Metadata-Version: 2.4
Name: bangla-render
Version: 0.2.0
Summary: Bengali text rendering for Matplotlib & Seaborn using Qt/HarfBuzz
Project-URL: Homepage, https://github.com/mbs57/bangla-render
Project-URL: Source, https://github.com/mbs57/bangla-render
Project-URL: Issues, https://github.com/mbs57/bangla-render/issues
Author: Mrinal Basak Shuvo
License: MIT License
        
        Copyright (c) 2025 Mrinal Basak Shuvo
        
        Permission is hereby granted, free of charge, to any person obtaining a copy
        of this software and associated documentation files (the "Software"), to deal
        in the Software without restriction, including without limitation the rights
        to use, copy, modify, merge, publish, distribute, sublicense, and/or sell
        copies of the Software, and to permit persons to whom the Software is
        furnished to do so, subject to the following conditions:
        
        The above copyright notice and this permission notice shall be included in all
        copies or substantial portions of the Software.
        
        THE SOFTWARE IS PROVIDED "AS IS", WITHOUT WARRANTY OF ANY KIND, EXPRESS OR
        IMPLIED, INCLUDING BUT NOT LIMITED TO THE WARRANTIES OF MERCHANTABILITY,
        FITNESS FOR A PARTICULAR PURPOSE AND NONINFRINGEMENT. IN NO EVENT SHALL THE
        AUTHORS OR COPYRIGHT HOLDERS BE LIABLE FOR ANY CLAIM, DAMAGES OR OTHER
        LIABILITY, WHETHER IN AN ACTION OF CONTRACT, TORT OR OTHERWISE, ARISING FROM,
        OUT OF OR IN CONNECTION WITH THE SOFTWARE OR THE USE OR OTHER DEALINGS IN THE
        SOFTWARE.
License-File: LICENSE
Keywords: bangla,bengali,harfbuzz,matplotlib,seaborn,unicode,visualization
Classifier: Development Status :: 4 - Beta
Classifier: Intended Audience :: Developers
Classifier: Intended Audience :: Science/Research
Classifier: License :: OSI Approved :: MIT License
Classifier: Programming Language :: Python :: 3
Classifier: Programming Language :: Python :: 3 :: Only
Classifier: Programming Language :: Python :: 3.8
Classifier: Programming Language :: Python :: 3.9
Classifier: Programming Language :: Python :: 3.10
Classifier: Programming Language :: Python :: 3.11
Classifier: Programming Language :: Python :: 3.12
Classifier: Topic :: Scientific/Engineering :: Visualization
Classifier: Topic :: Software Development :: Libraries :: Python Modules
Requires-Python: >=3.8
Requires-Dist: matplotlib>=3.5
Requires-Dist: numpy>=1.21
Requires-Dist: pyside6>=6.5
Description-Content-Type: text/markdown

# 🇧🇩 bangla-render
![banner](assets/banner.png)
### Bengali Text Rendering for Matplotlib & Seaborn — Full OpenType Shaping

[![PyPI version](https://img.shields.io/pypi/v/bangla-render.svg)](https://pypi.org/project/bangla-render/)
[![Python](https://img.shields.io/badge/python-3.8%2B-blue.svg)](https://www.python.org/)
[![License: MIT](https://img.shields.io/badge/License-MIT-green.svg)](LICENSE)
[![Platform](https://img.shields.io/badge/platform-Windows%20%7C%20macOS%20%7C%20Linux-lightgrey.svg)]()

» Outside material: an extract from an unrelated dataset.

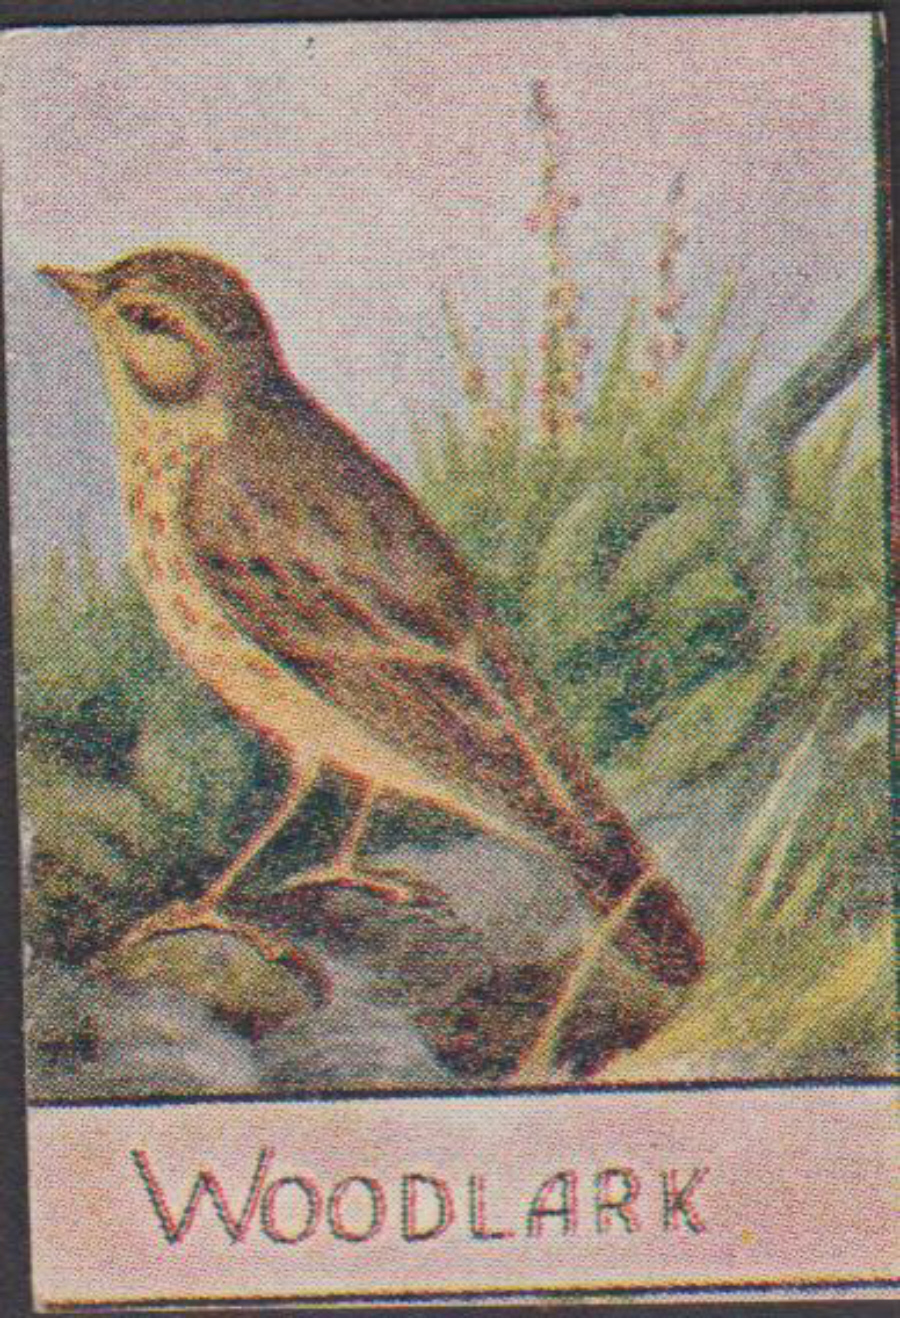 Spratt's British Bird Series Numbered No 89 Woodlark

**bangla-render** is an open-source Python library that enables fully correct **Bengali text rendering** inside Matplotlib and Seaborn — including support for other Indic scripts such as Hindi (Devanagari) and Tamil.

Matplotlib relies on FreeType and does **not** use HarfBuzz. It therefore fails with every complex Bengali feature:

| Problem | Example |
|---|---|
| Matra (dependent vowels) | ি, ী, ু, ূ, ৃ |
| Reph / Rafar | র্ক, র্ত |
| Conjunct consonants (যুক্তাক্ষর) | জ্ঞ, ক্ষ, ন্দ, ত্ম, ন্ত |
| GSUB / GPOS OpenType shaping | All contextual substitutions |

The result: Bengali titles, axis labels, tick labels, annotations, and heatmap text become **broken, disjoint, or completely scrambled** even with a Bengali font installed.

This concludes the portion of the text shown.